Buckle Up, the Smart Glasses Backlash Is Coming

(gizmodo.com)

30 points | by rbanffy 6 hours ago ago

68 comments

  • pickledoyster 5 hours ago ago

    Creating a product for creeps is so on brand for a company founded by a creep.

    • 4bpp 4 hours ago ago

      Shouldn't Google (Glass) get the credit for the idea?

      The way Facebook gets singled out for "creepiness" in a world full of bad actors is pretty ridiculous, and actually makes it easier for the others to keep flying under the radar.

      • Gigachad 4 hours ago ago

        Google glass was widely hated for this with the term “glasshole” floating around the news at the time. But it was also never sold as a consumer product so most people never even saw one.

        • bartread 3 hours ago ago

          You’ve just reminded me of something.

          One of the div heads where I was working bought a (pair of?) Google Glass to figure out if there was anything useful we could do with them or develop for them.

          He was trying them out and a colleague of mine wandered over to him and said something like, “ok Google, image search, pictures of dicks.”

          Never has anyone whipped something off their face so fast.
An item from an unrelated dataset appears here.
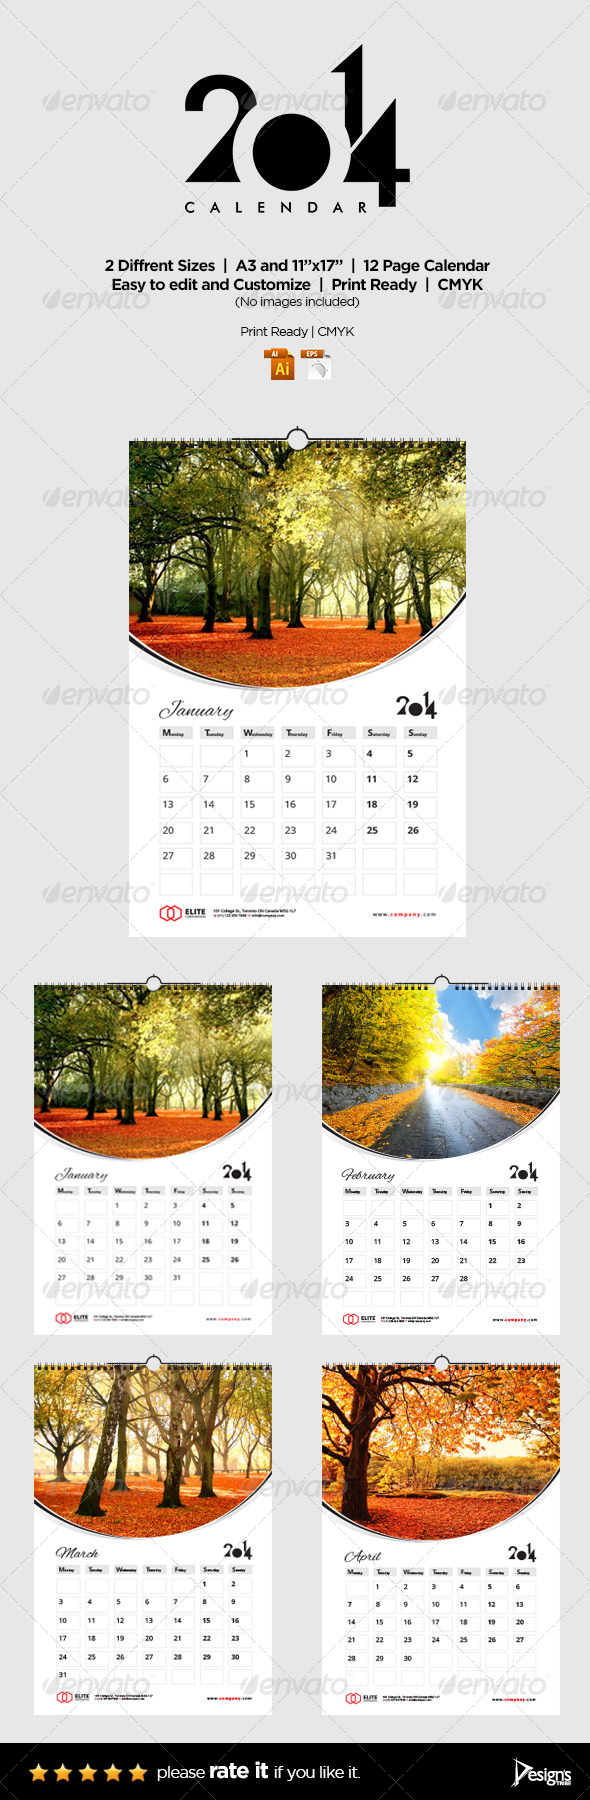 Wall Calendar 2014 Vol 2 - Calendars Stationery

However, sadly, despite I believe it should have worked like a charm, for reasons that are now obscure to me no gallery of phalluses was displayed.
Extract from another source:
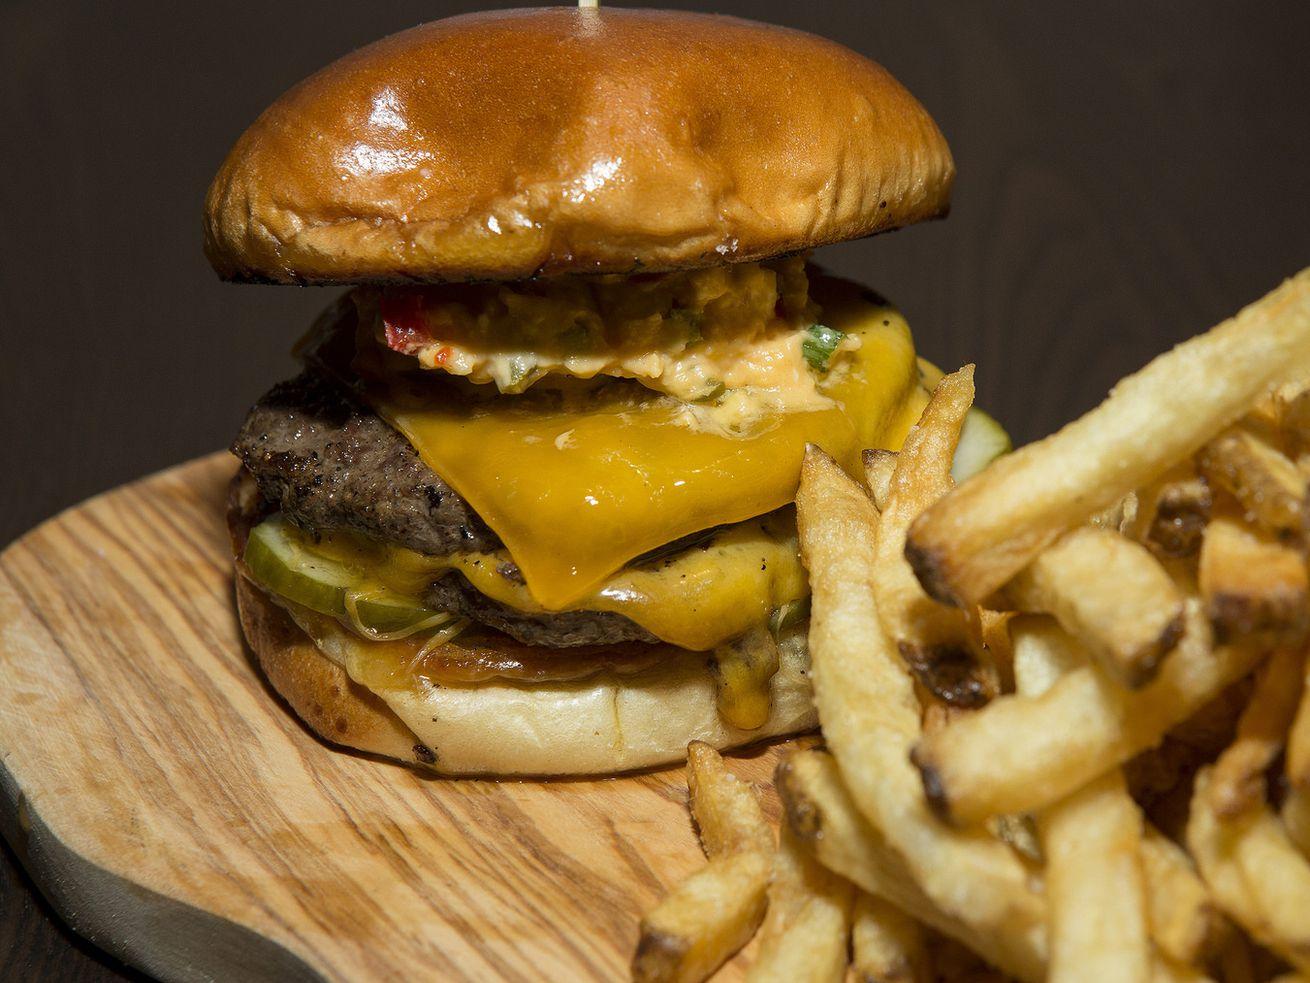 The Swill Inn's burger

        • Hatrix 3 hours ago ago

          The only thing Google Glass was good for is checking e-mail. It would overheat and shutoff if you tried to record more than a few seconds of video or anything with real-time graphics.

      • bartread 3 hours ago ago

        Does it get singled out though? TikTok gets no end of flak. YouTube, as many parents will be aware, is full to the brim with creepy content. Kik has been widely reviled as a cesspool for CP sharing. And these are just a few examples.
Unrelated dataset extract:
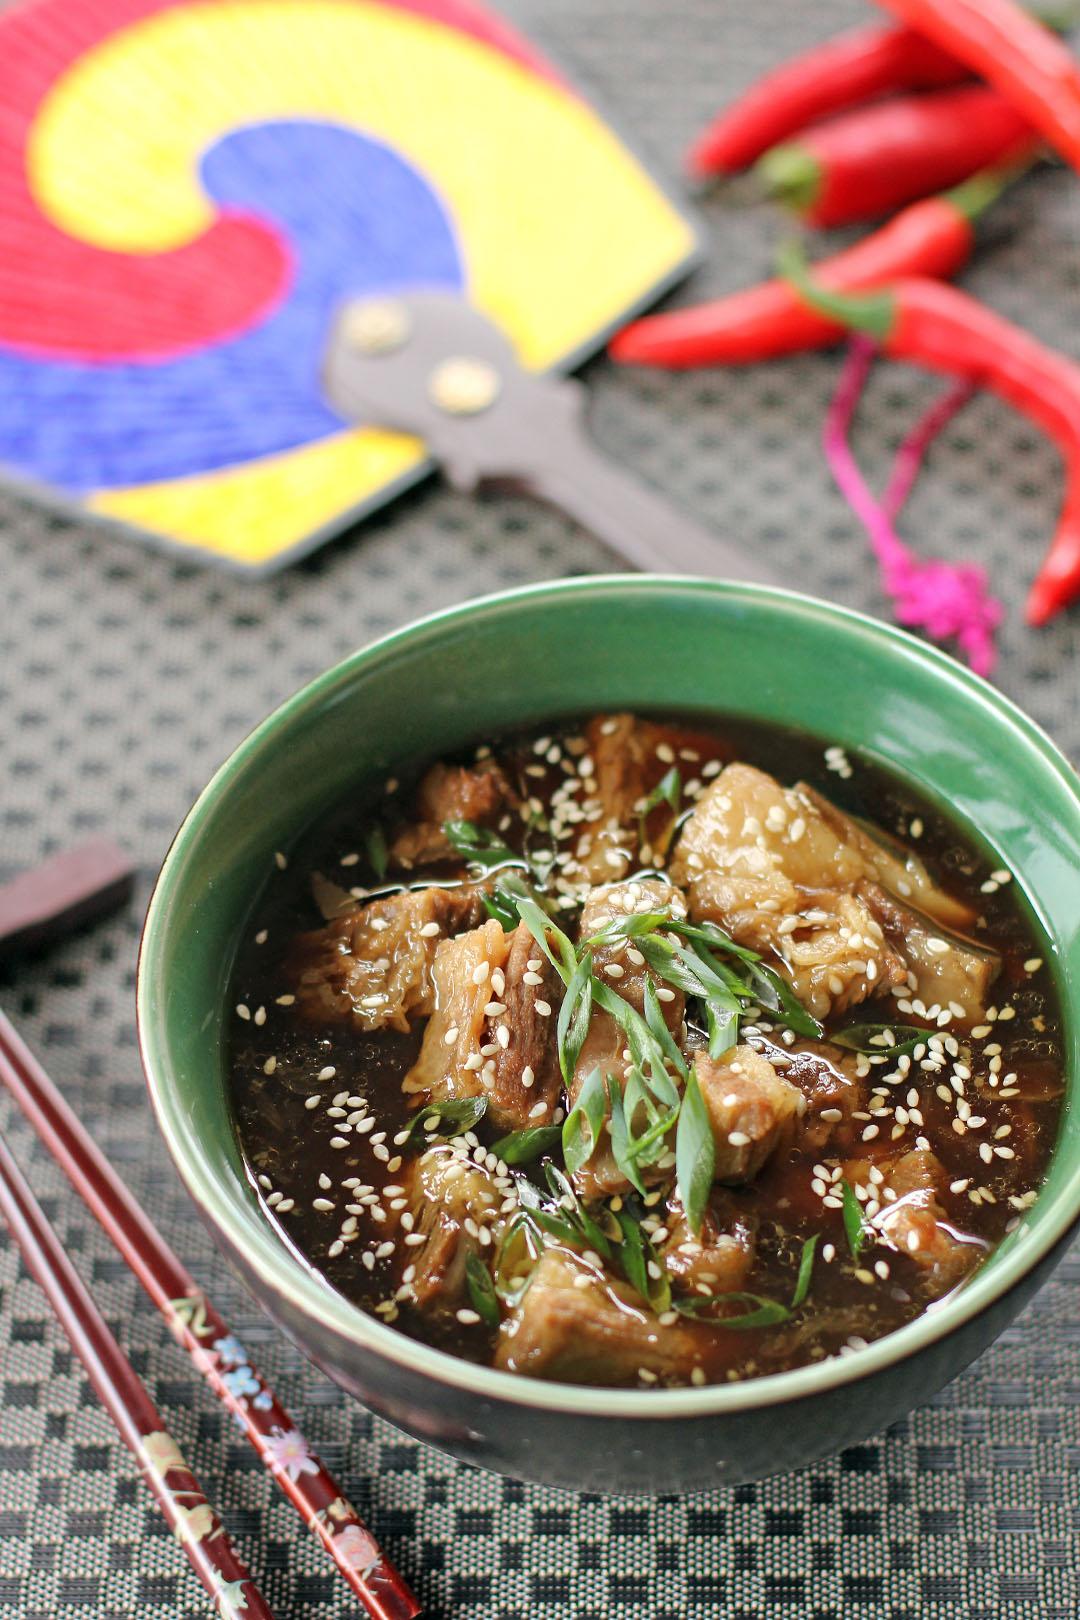 Korean Beef Stew Ang Sarap

        Facebook gets a lot of (deserved) flak, but it’s hardly singled out.

      • AnonC 2 hours ago ago

        Alongside Google Glass around the same time (in 2013) was Samsung’s creepy watch with a camera and a creepy ad for that. [1]

        [1]: https://newsfeed.time.com/2013/12/23/samsung-smartwatch-date...

      • bitlax 4 hours ago ago

        Google is also creepy.

        • 4bpp 4 hours ago ago

          And yet, nobody feels that so viscerally that they feel compelled to write these schoolyard-level insults directed at its leadership every time it comes up in a HN thread.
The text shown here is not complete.